The news had been peculiarly distressing. The Glorianna had been intercepted down near Dinner Key and had put in there and tied up while the Metro police had made an investigation. On the yacht had been a skeleton crew of three, Mr. Joseph Locordolos, a Spanish national and a developer and speculator in hotel and resort properties, his sister, Mrs. Charla O’Rourke, a Greek national and member of the international set, and Miss Betsy Alden, Mrs. O’Rourke’s niece, a nationalized citizen of the United States who had worked in New York and Hollywood as a bit-part actress on television. The yacht was registered in Panama. Mr. Locordolos was very agitated at being halted in such a pre-emptory fa
shion. All the papers were in order. He explained that they were taking a short shake-down cruise of several hours to see whether the newly installed radar was working properly. Both he and his sister explained that, while staying at the Hotel Elise, an establishment partially owned by Mr. Locordolos, they had made the acquaintance of Mr. Kirby Winter, nephew of Omar Krepps whom they had known slightly over the years. They said Mr. Winter seemed quite depressed and, because the boat was roomy enough, they had suggested he come along with them to Nassau, and he could then fly back from there. Mr. Winter had said he would think about it, and they had assumed he would not be joining them until the trunk and the crate arrived aboard.

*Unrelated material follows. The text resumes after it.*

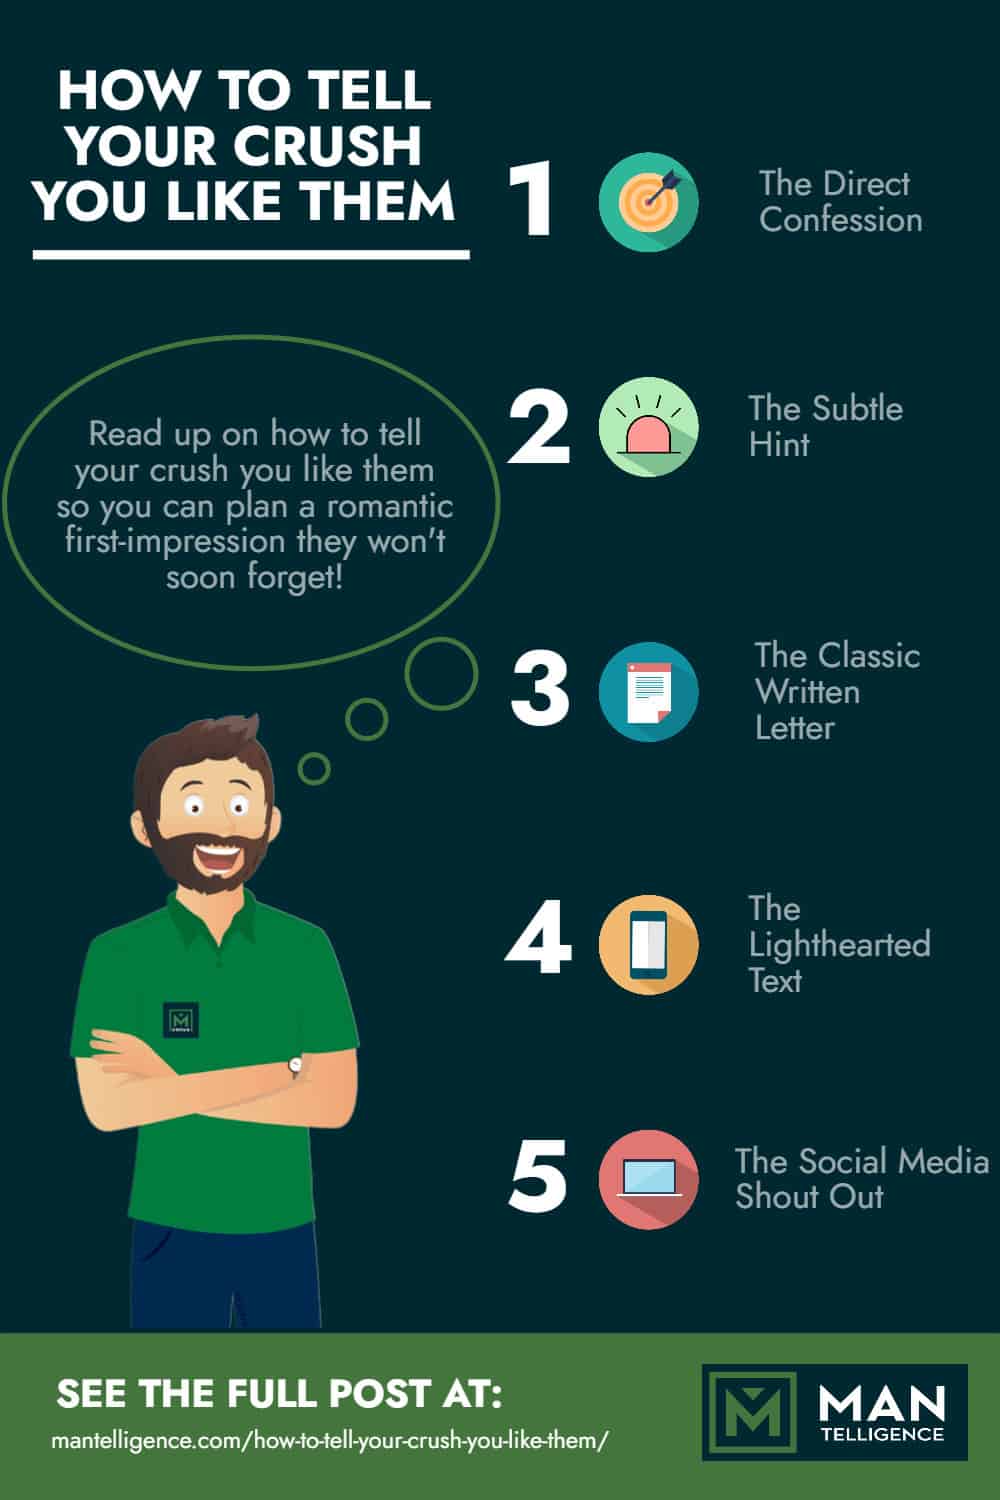 How to Tell Your Crush You Like Them - Infographic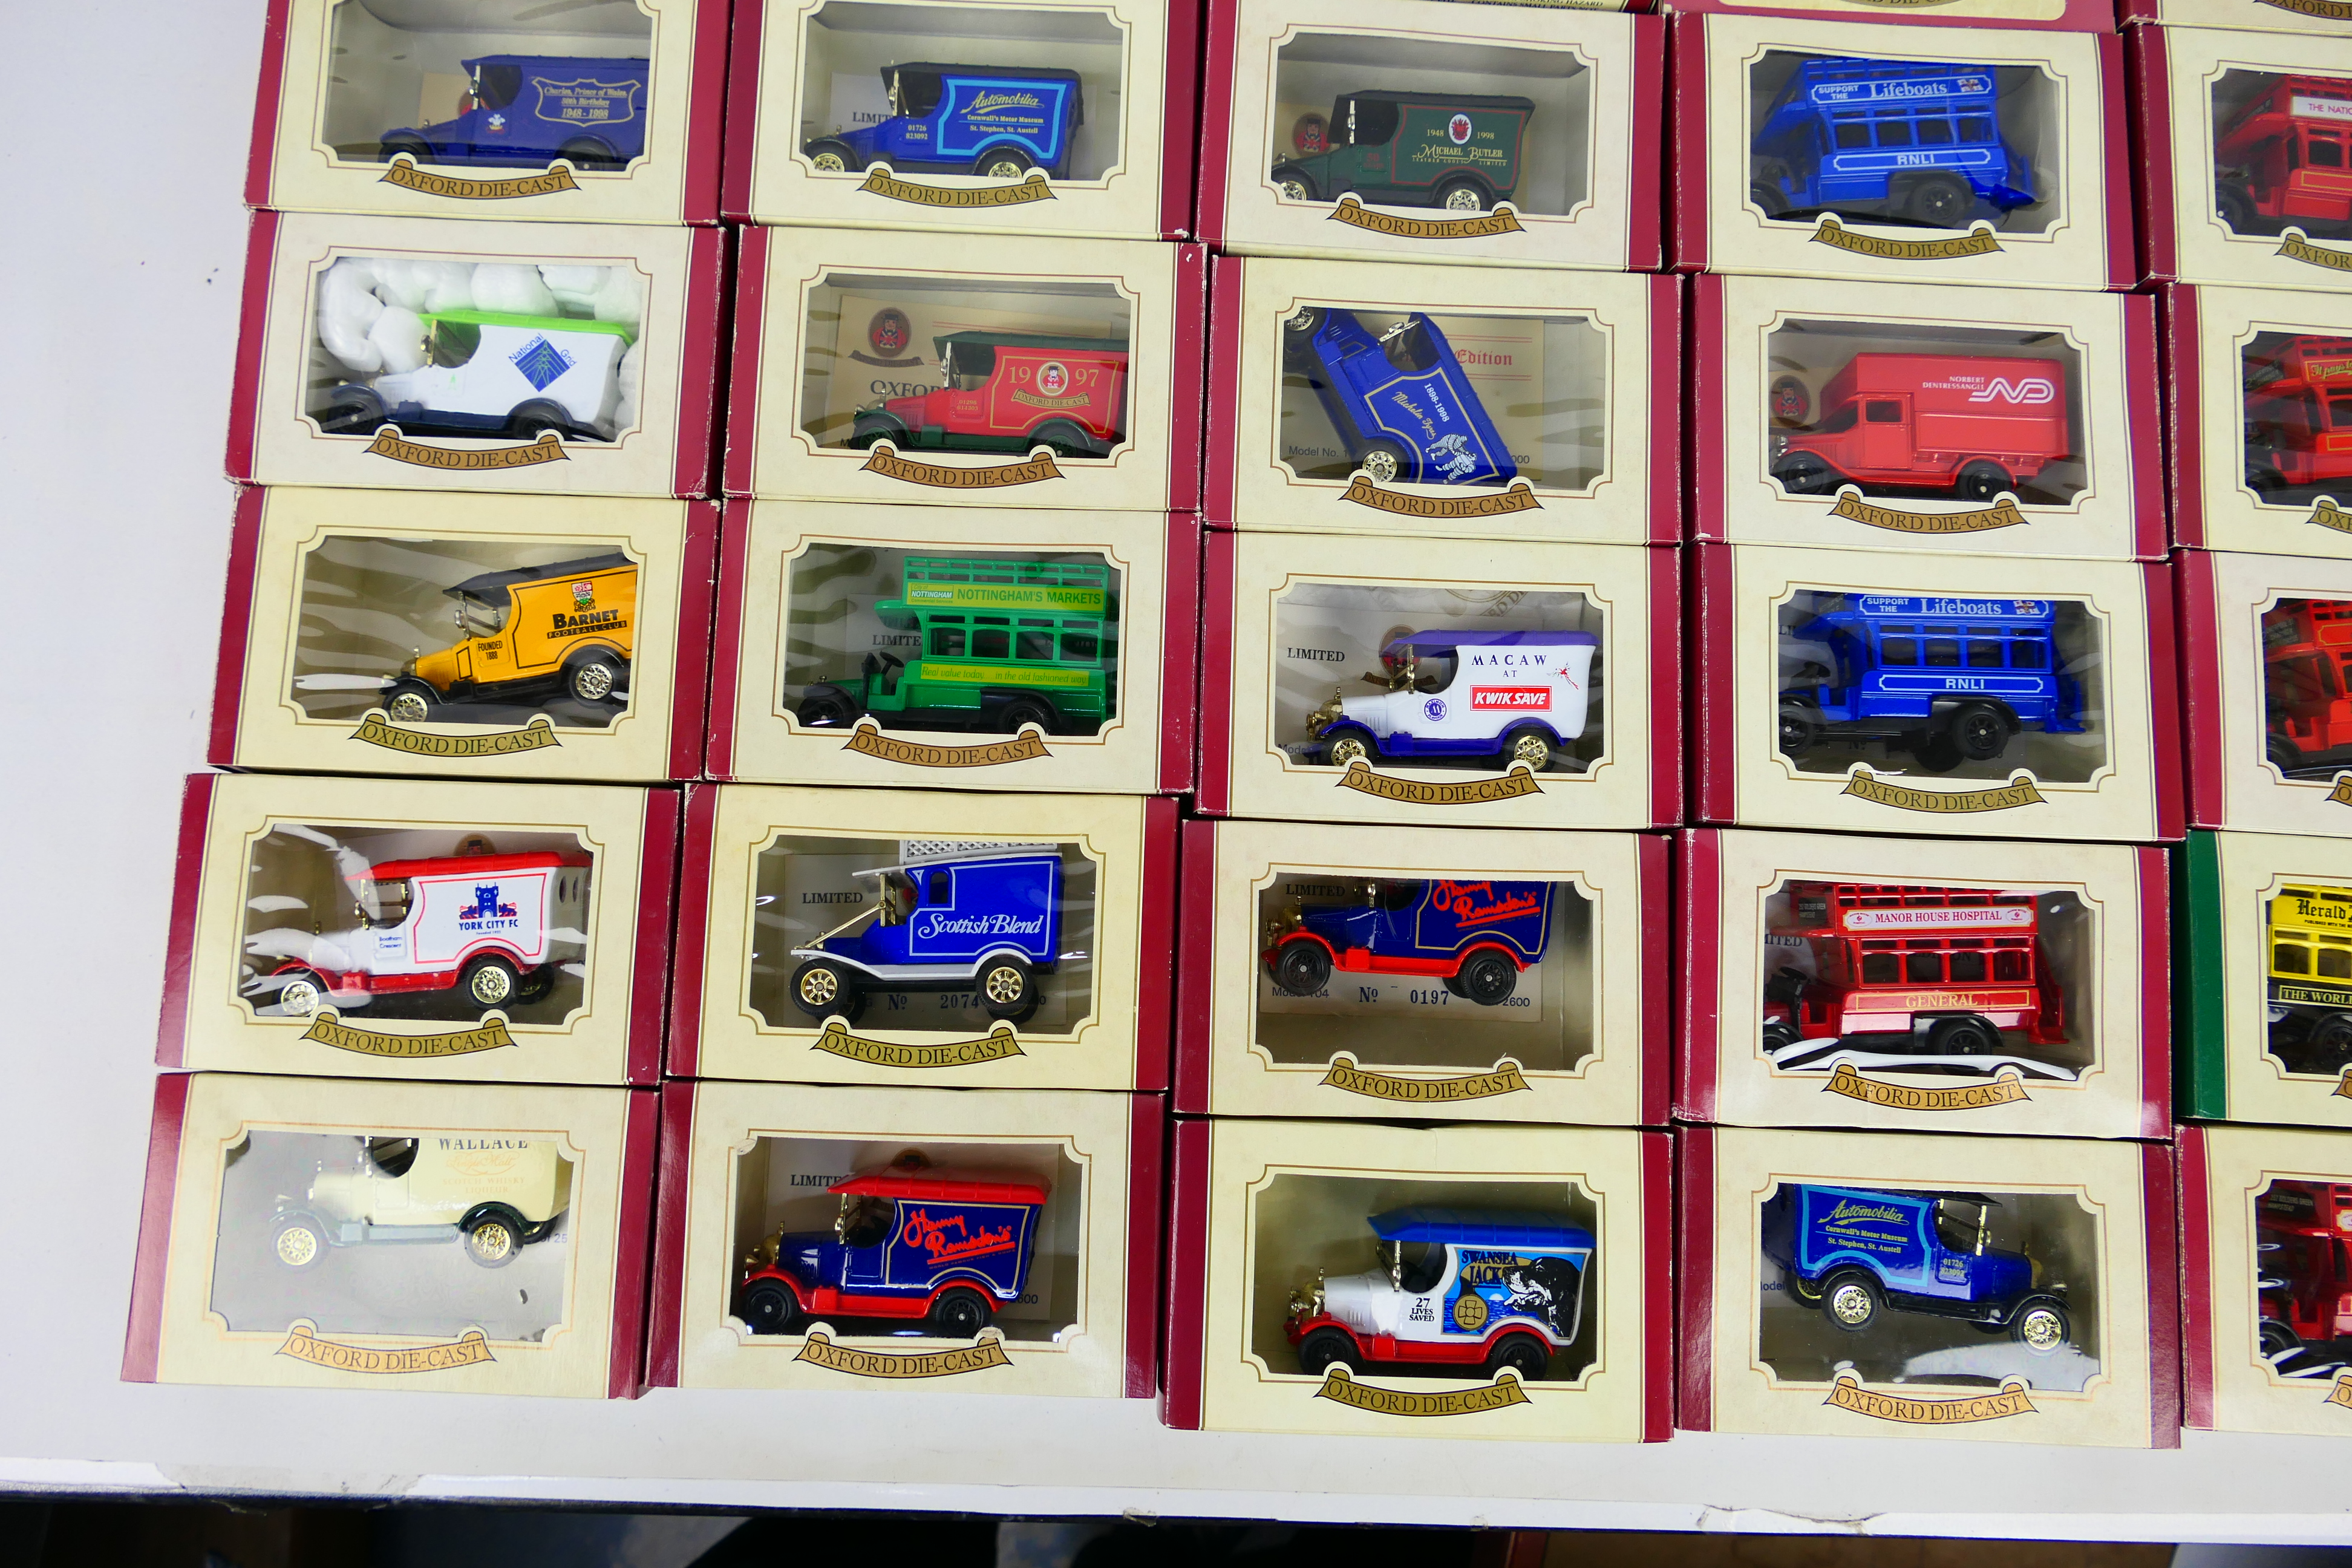 Oxford Diecast - A collection of 30 Oxford Diecast Metal vehicles including National Grid, Charles, - Image 3 of 5

They had been unable to contact Mr. Winter to ask him about it, but they assumed it was his intention to go with them to Nassau, perhaps for a longer stay than he had indicated would be possible. Perhaps, as soon as they heard of the huge embezzlement, Mr. Locordolos admitted, they should have contacted the police. Instead, as he explained, he investigated the contents of the two containers and found nothing of any importance in them. He had given up, of course, any idea of permitting Mr. Winter to accompany them, and had merely been waiting until Mr. Winter put in an appearance, at which time he was going to have the containers moved onto the dock at the Biscayne Marina and wash his hands of the whole matter. Though the police had a search warrant, Mr. Locordolos felt that it might not be properly applicable to a vessel of foreign registry, however he volunteered to overlook the legal considerations and asked for a complete search on a voluntary basis. The police impounded the items Mr. Winter had shipped to the yacht, and found nothing else of any pertinence to the Winter case. They had previously impounded the suitcases discovered in Winter’s temporary quarters at the Hotel Elise.